Starting at the line that contains "Ringbio Pet Rapid Test Kits, ELISA, PCR", copy every line to the end of the material below exactly, and omit the pictures.

PROVIDED DATA:
-- Opening Marker --

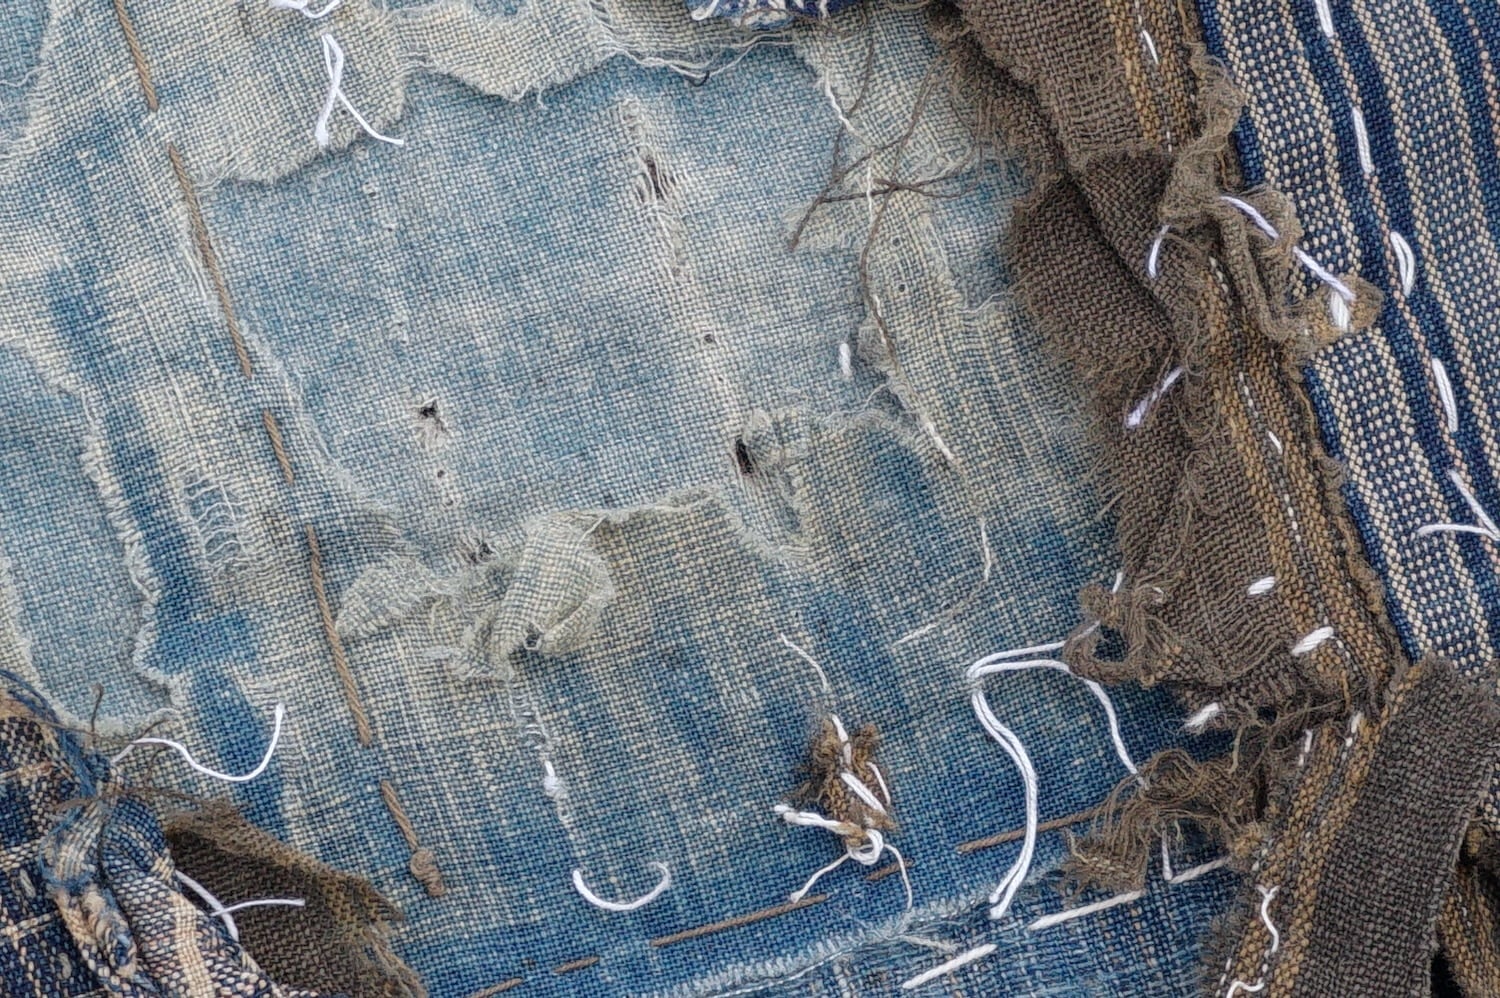 1874 ボロ 襤褸 藍染 木綿 古布 藍無地 縞 絣 筒描き 継ぎ接ぎ 継ぎ
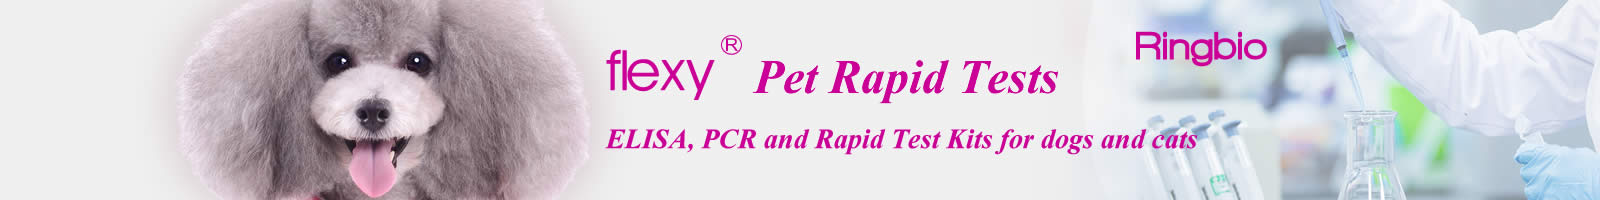 Ringbio Pet Rapid Test Kits, ELISA, PCR
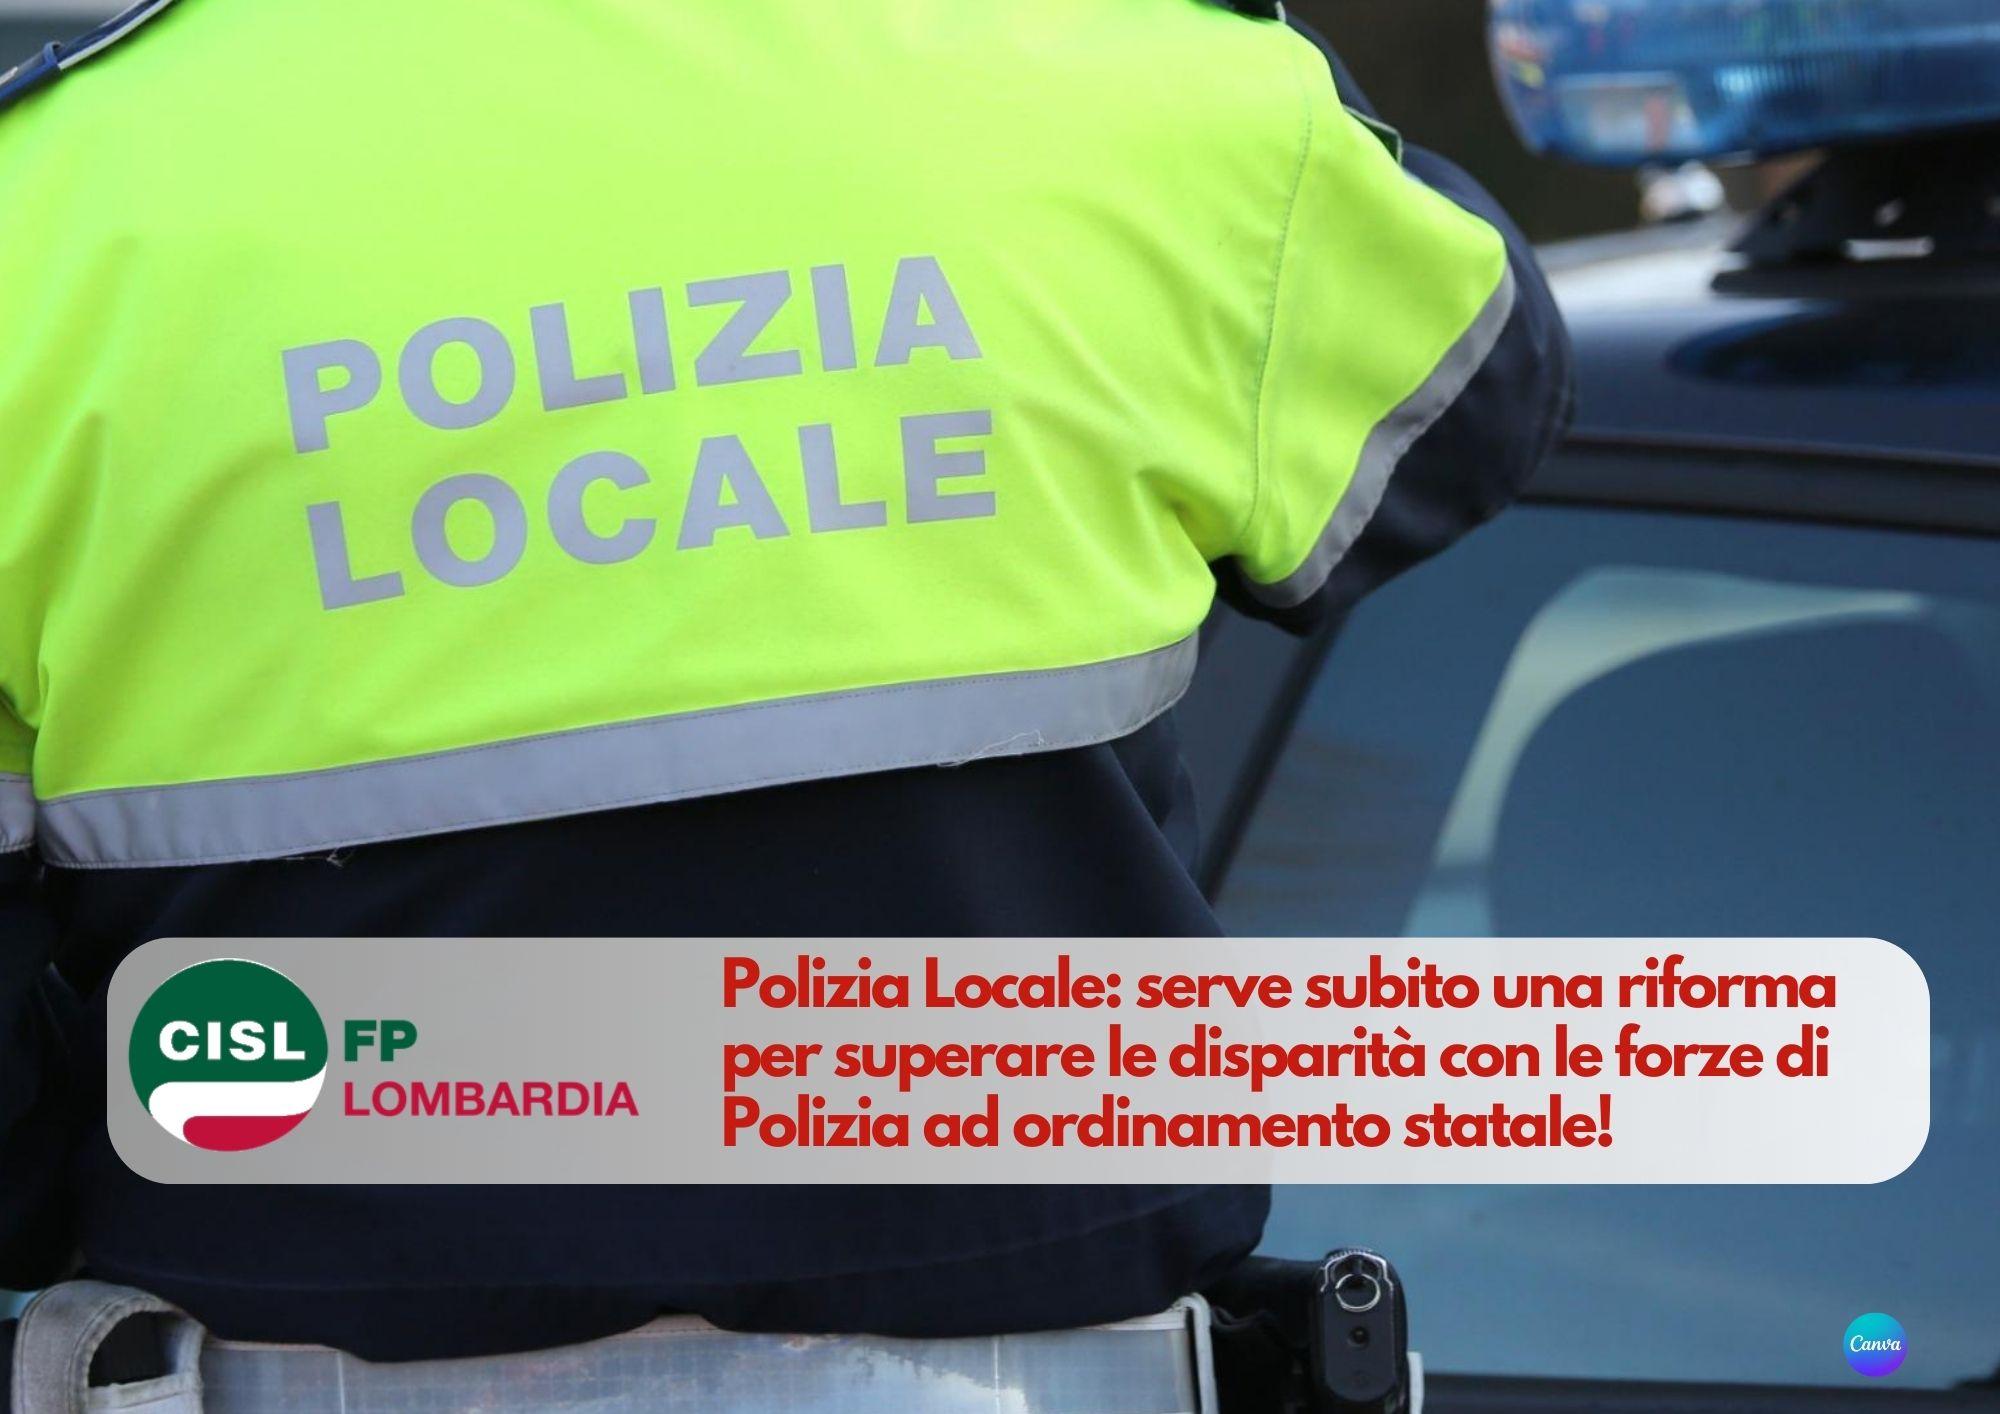 CISL FP Lombardia. Polizia Locale: serve una riforma per superare le disparità. Da fare ora!

-- Closing Marker --

RESULT OF THE TASK:
 Ringbio Pet Rapid Test Kits, ELISA, PCR
 CISL FP Lombardia. Polizia Locale: serve una riforma per superare le disparità. Da fare ora!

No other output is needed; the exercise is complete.